*Problem description:*
Look below for the line that contains "Pet Dog Acrylic", then quote it and all the lines after it, exactly, with the pictures left out.

[Supplied data Boundary: Start]

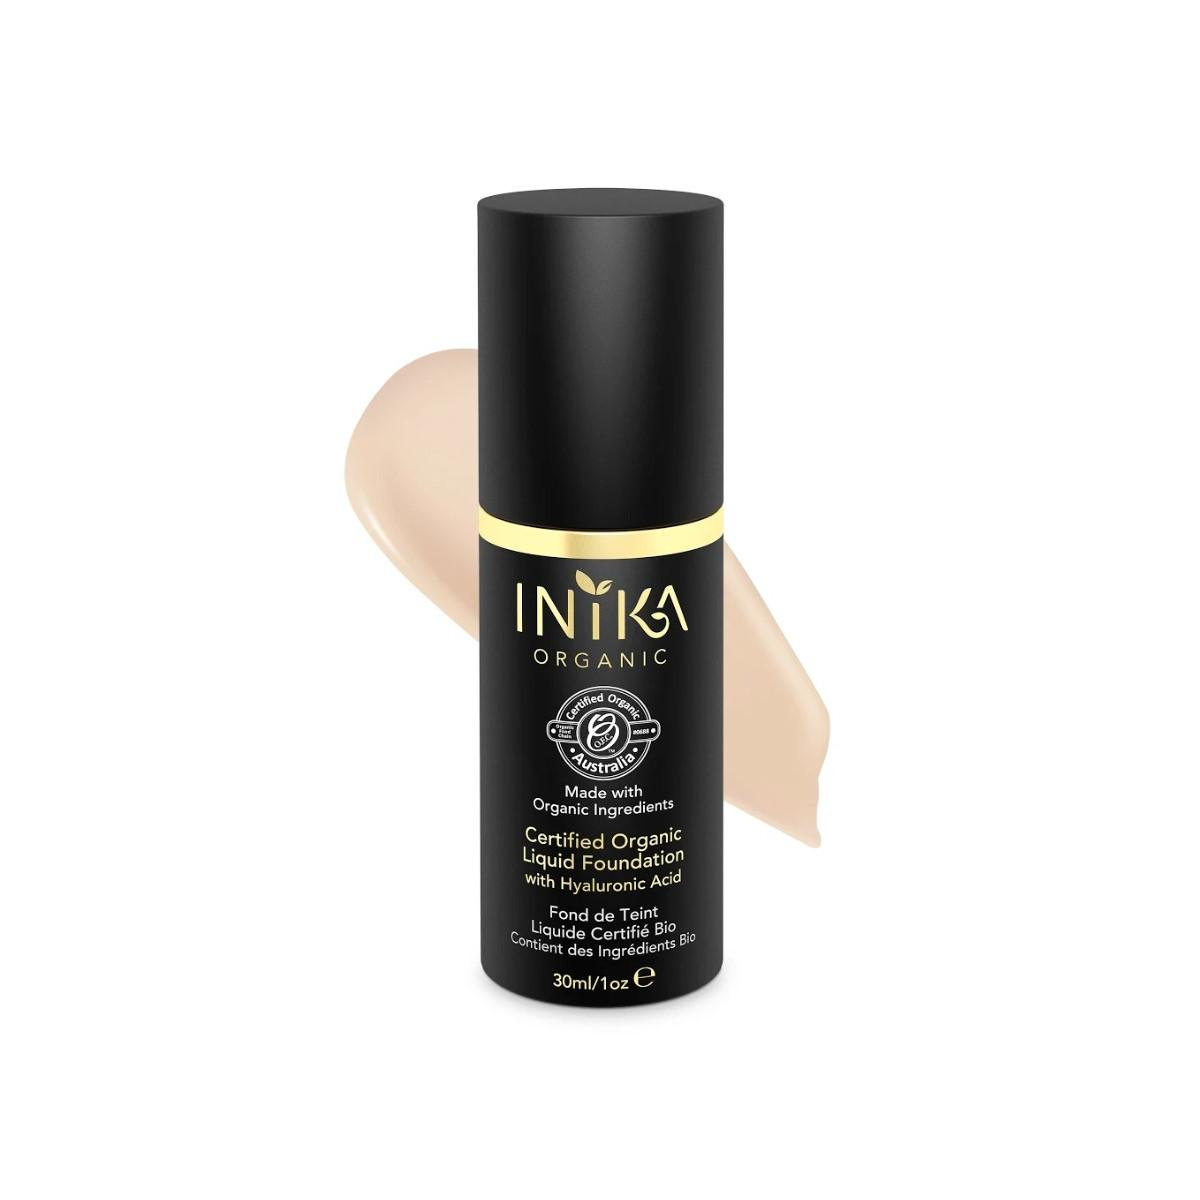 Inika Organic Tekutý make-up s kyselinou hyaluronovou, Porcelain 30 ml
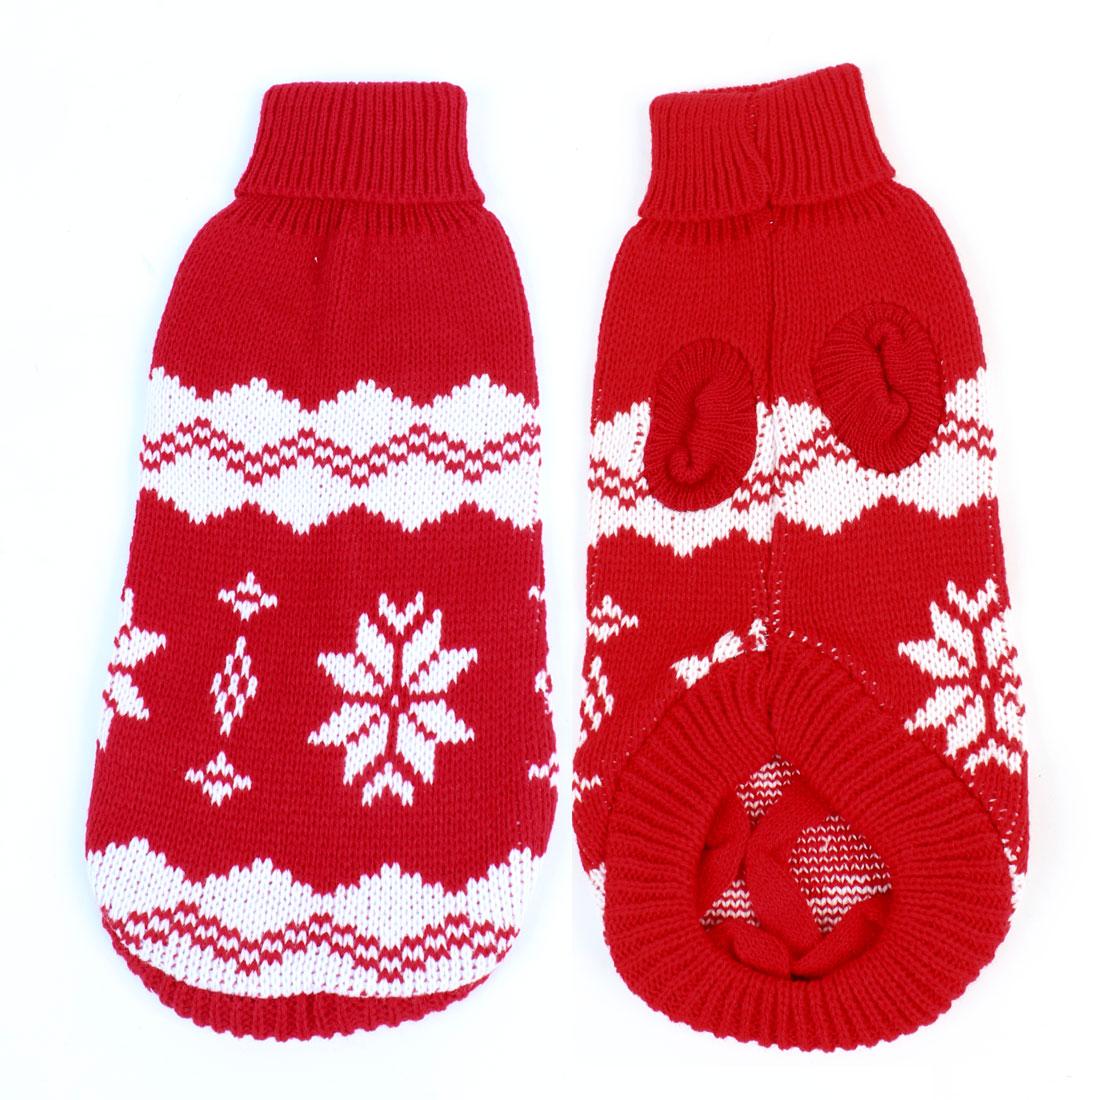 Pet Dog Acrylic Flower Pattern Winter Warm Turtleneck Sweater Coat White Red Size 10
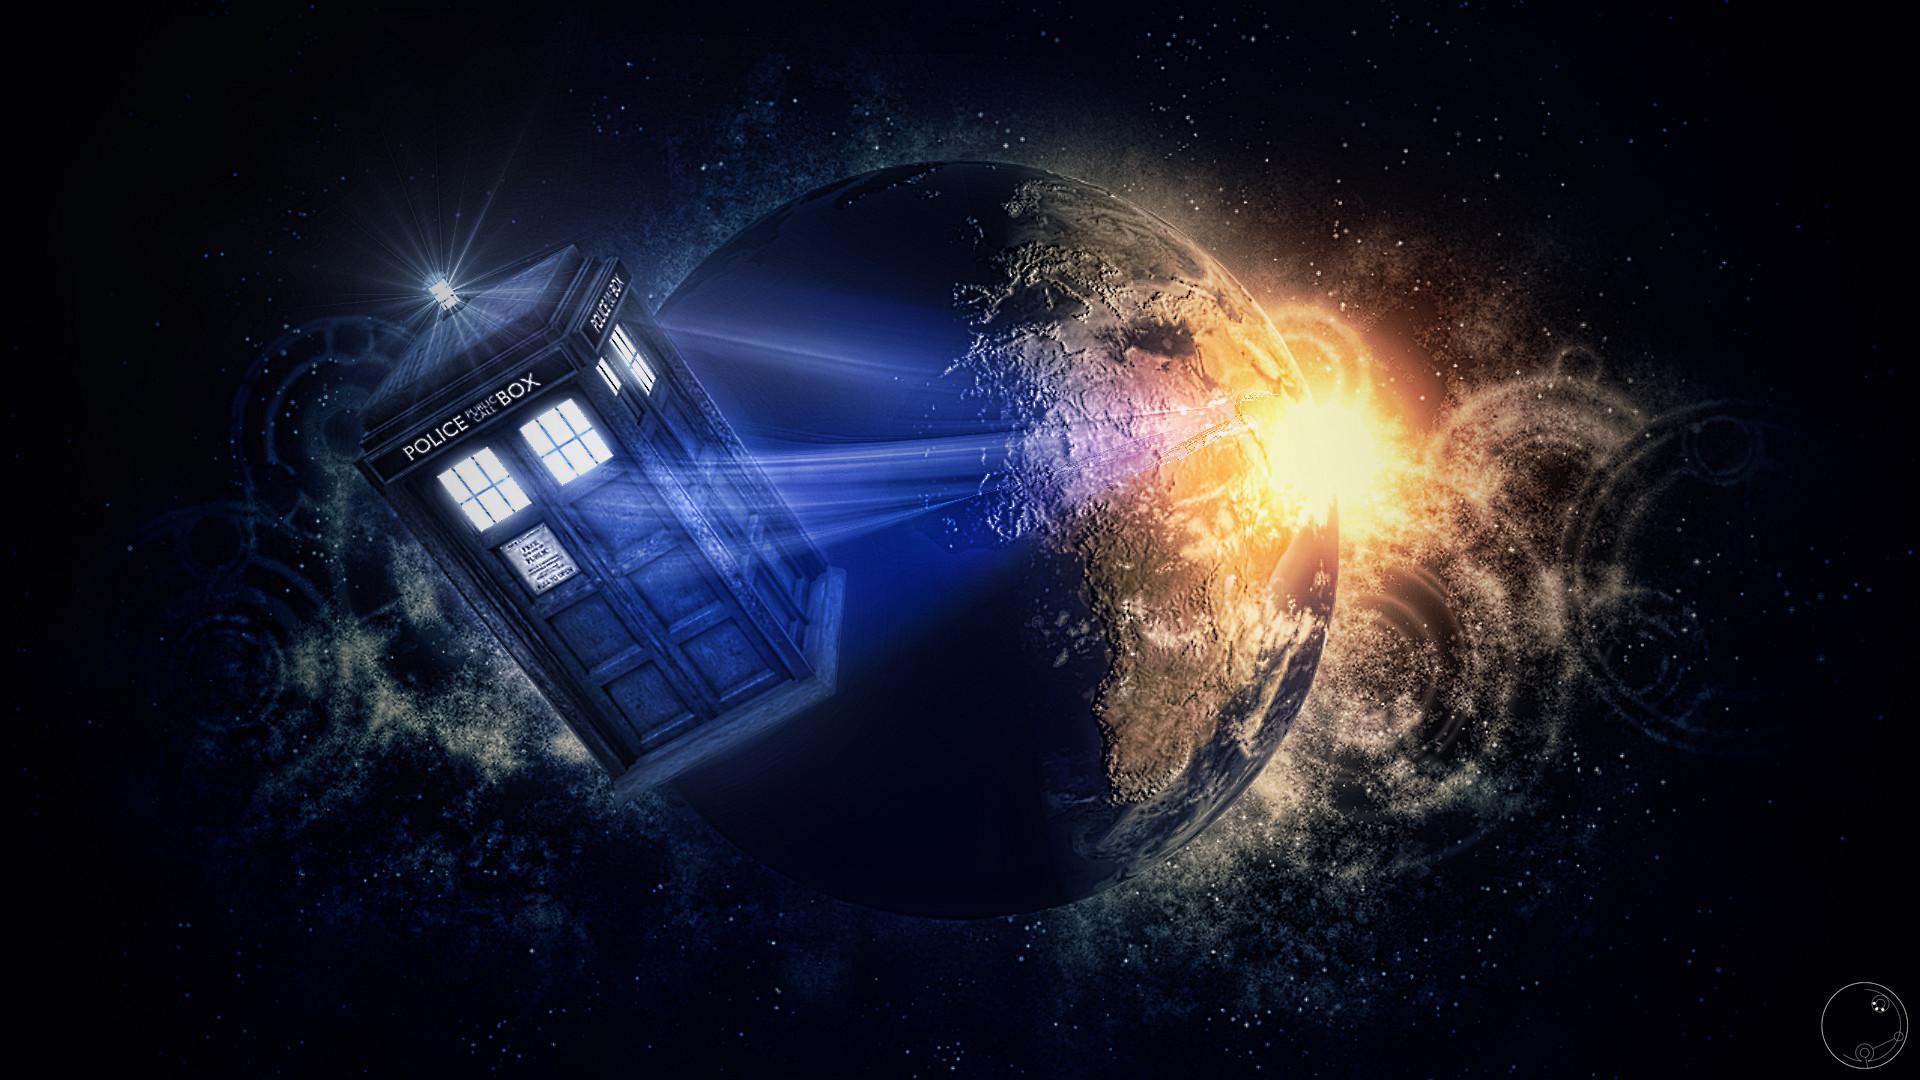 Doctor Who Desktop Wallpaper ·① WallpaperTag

[Supplied data Boundary: End]

*Expected output:*
 Pet Dog Acrylic Flower Pattern Winter Warm Turtleneck Sweater Coat White Red Size 10
 Doctor Who Desktop Wallpaper ·① WallpaperTag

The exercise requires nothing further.